(Work task)
Retype the following data exactly, but leave its pictures out.

(Supplied material)

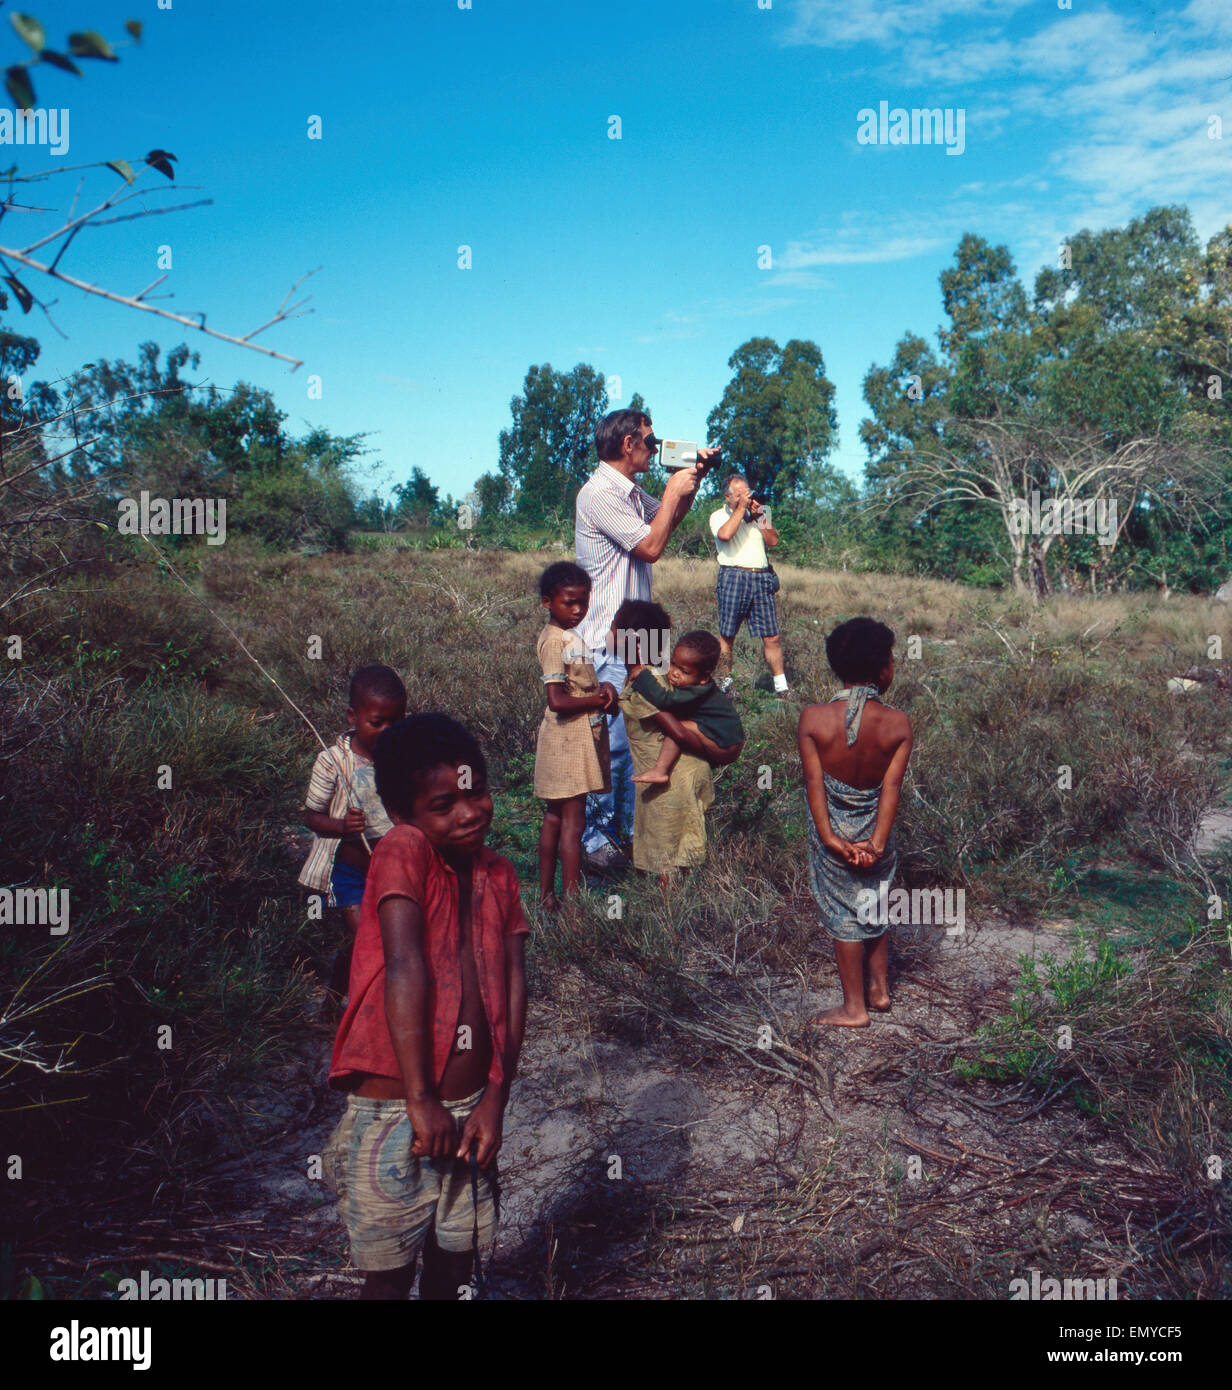 Eine Reise nach Madagaskar, 1980er Jahre. A trip to Madagaskar, 1980s. Stock Photo
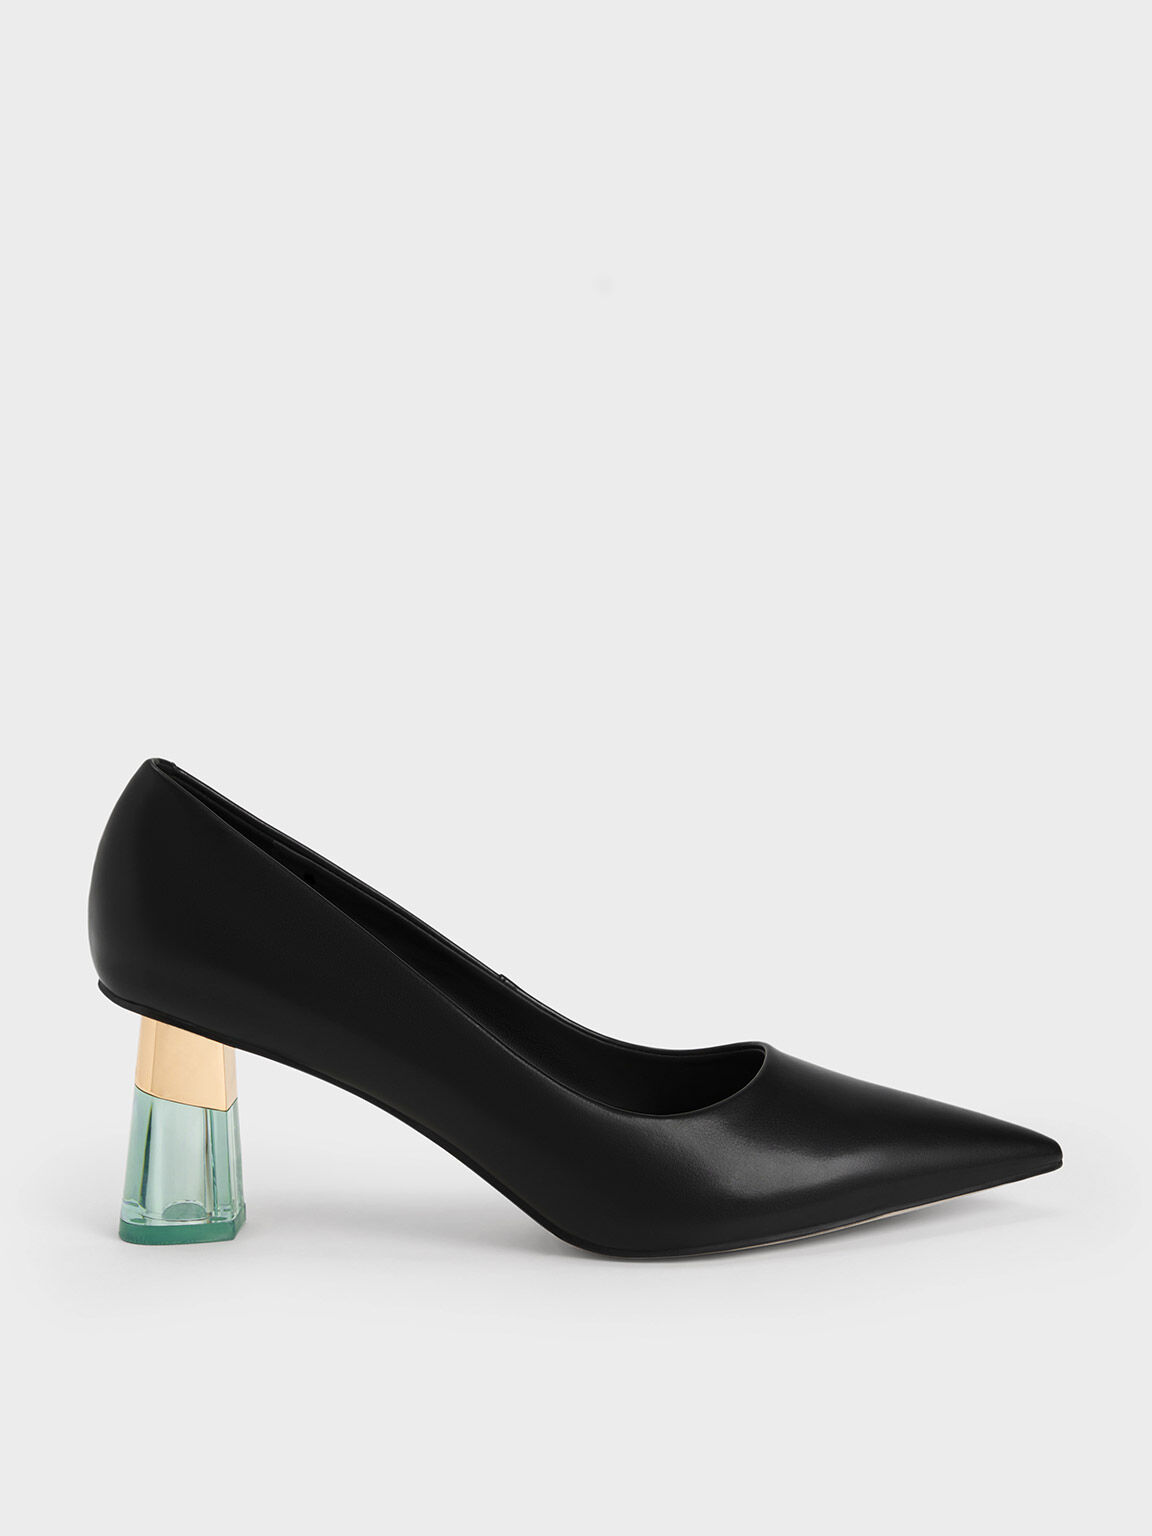 Zapatos de Tacón Traslúcido con Detalle Metálico, Black, hi-res
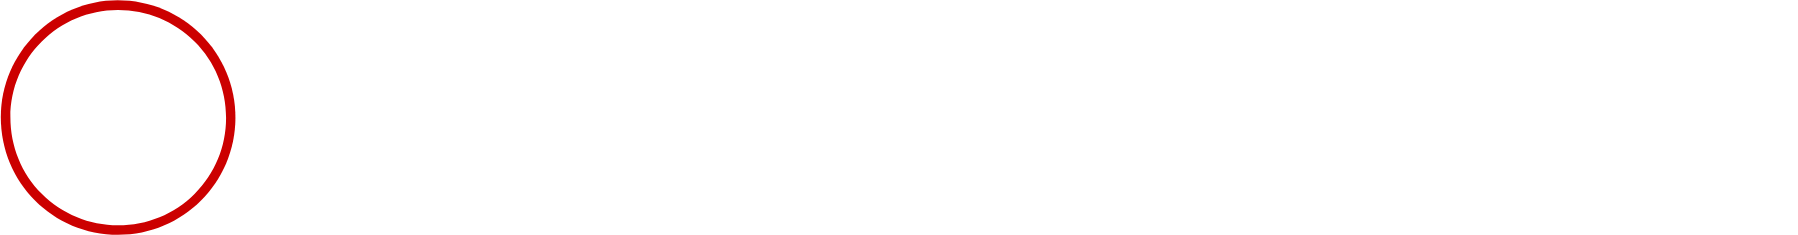 Texas Capital Bancshares logo large for dark backgrounds (transparent PNG)
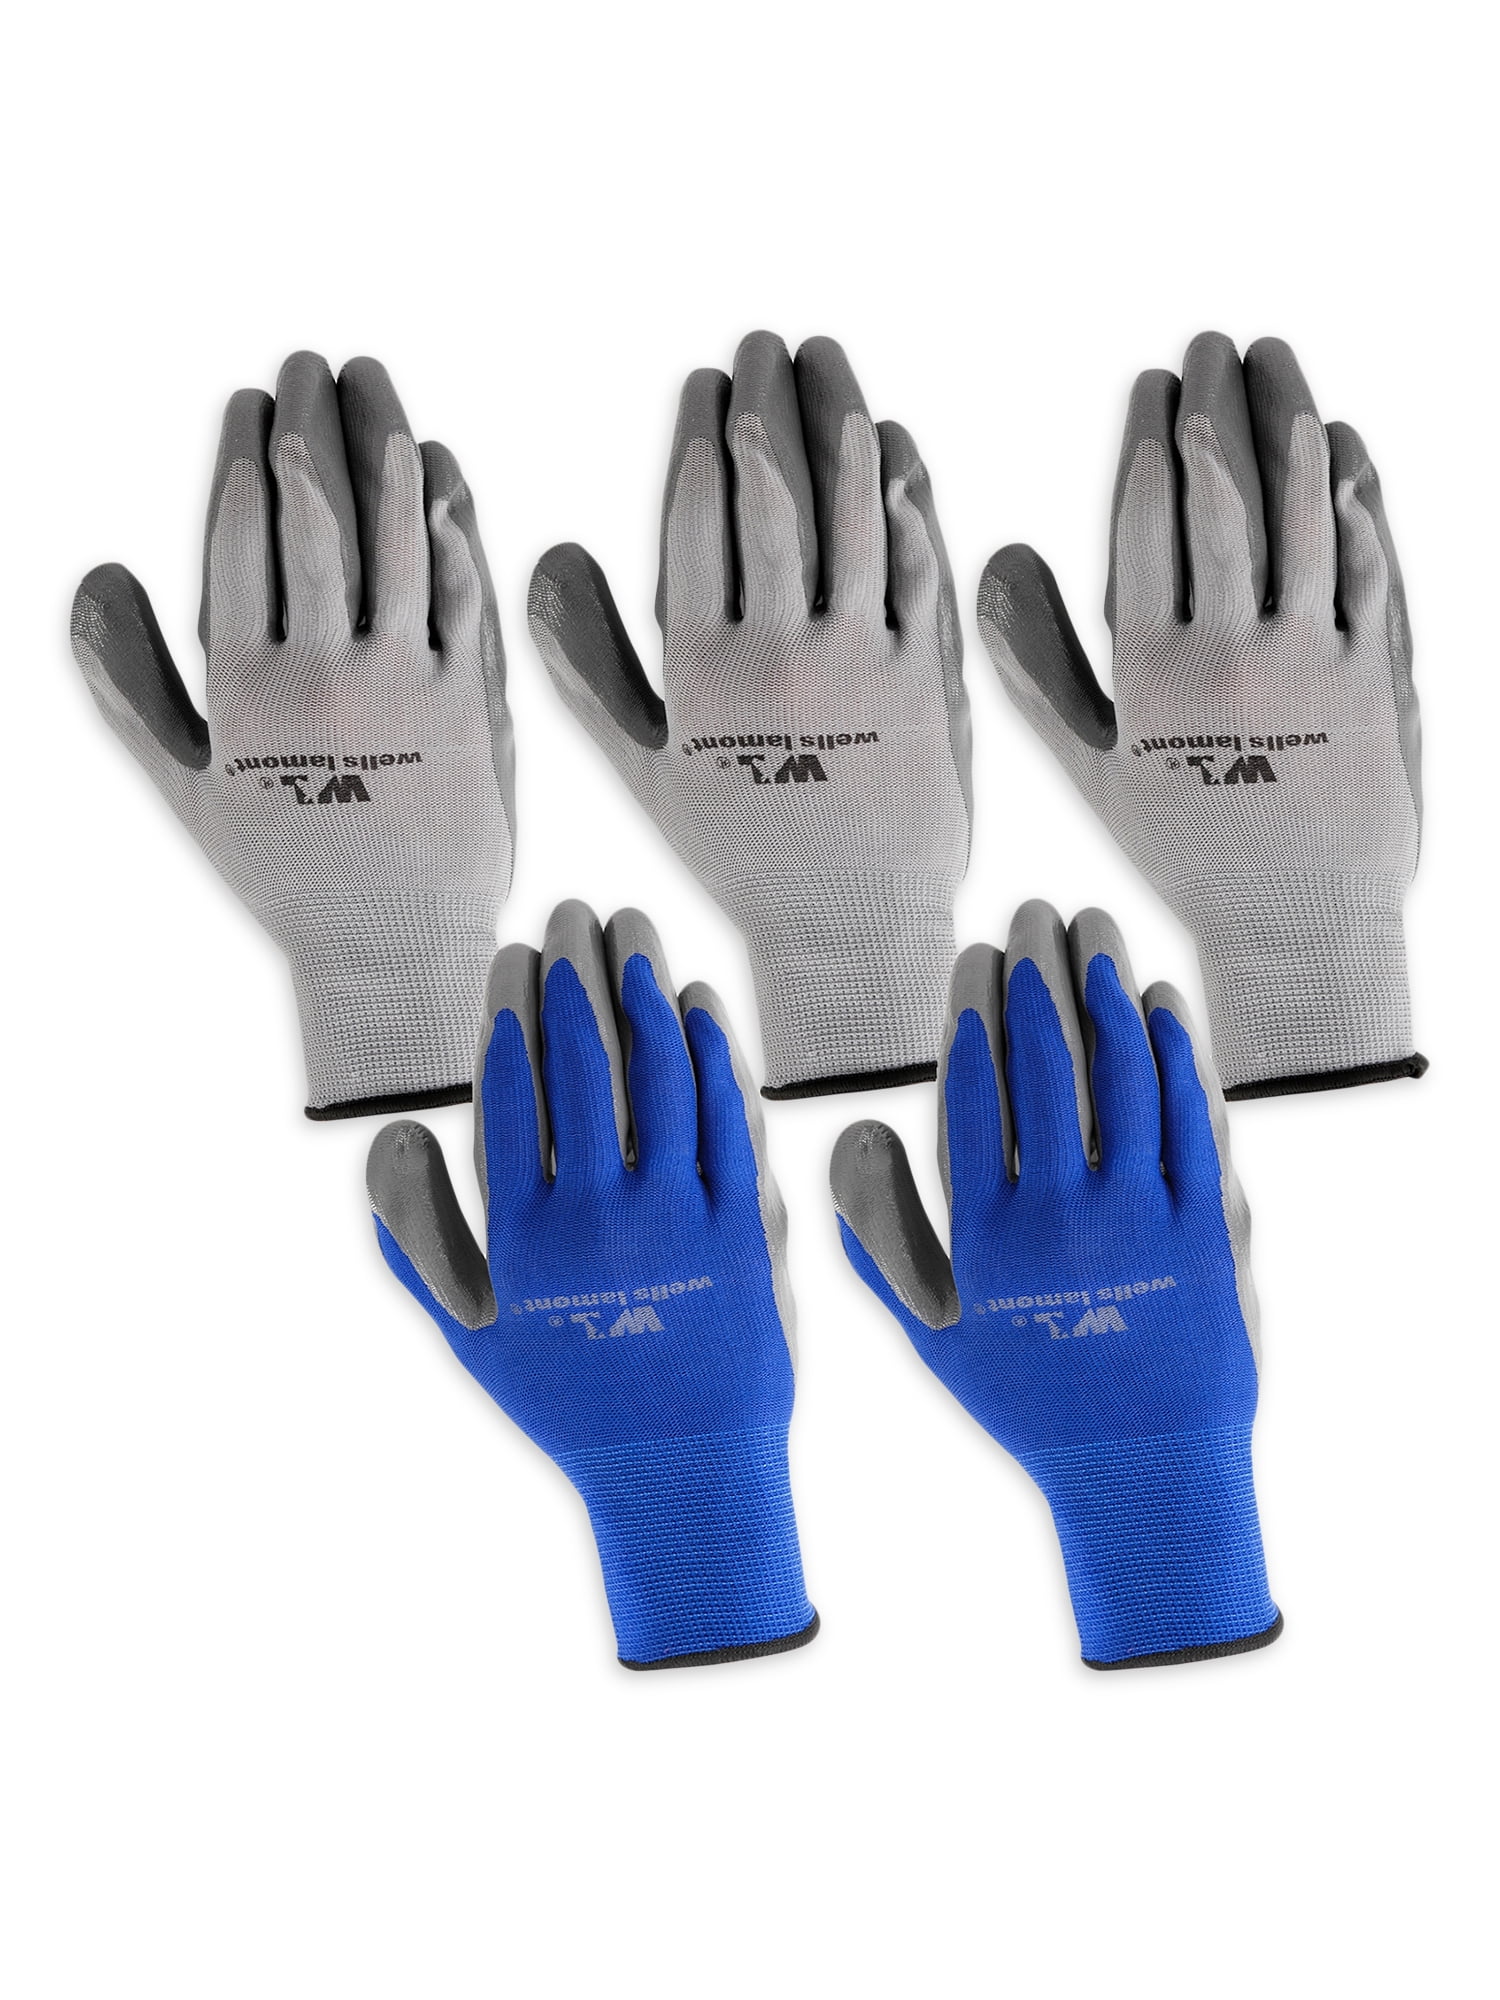 Ultimate Industrial Aquatek Dual Coated Latex Knitted Wrist Gloves

(Solution for this exercise)
 Eine Reise nach Madagaskar, 1980er Jahre. A trip to Madagaskar, 1980s. Stock Photo
 Zapatos de Tacón Traslúcido con Detalle Metálico, Black, hi-res
 Texas Capital Bancshares logo large for dark backgrounds (transparent PNG)
 Ultimate Industrial Aquatek Dual Coated Latex Knitted Wrist Gloves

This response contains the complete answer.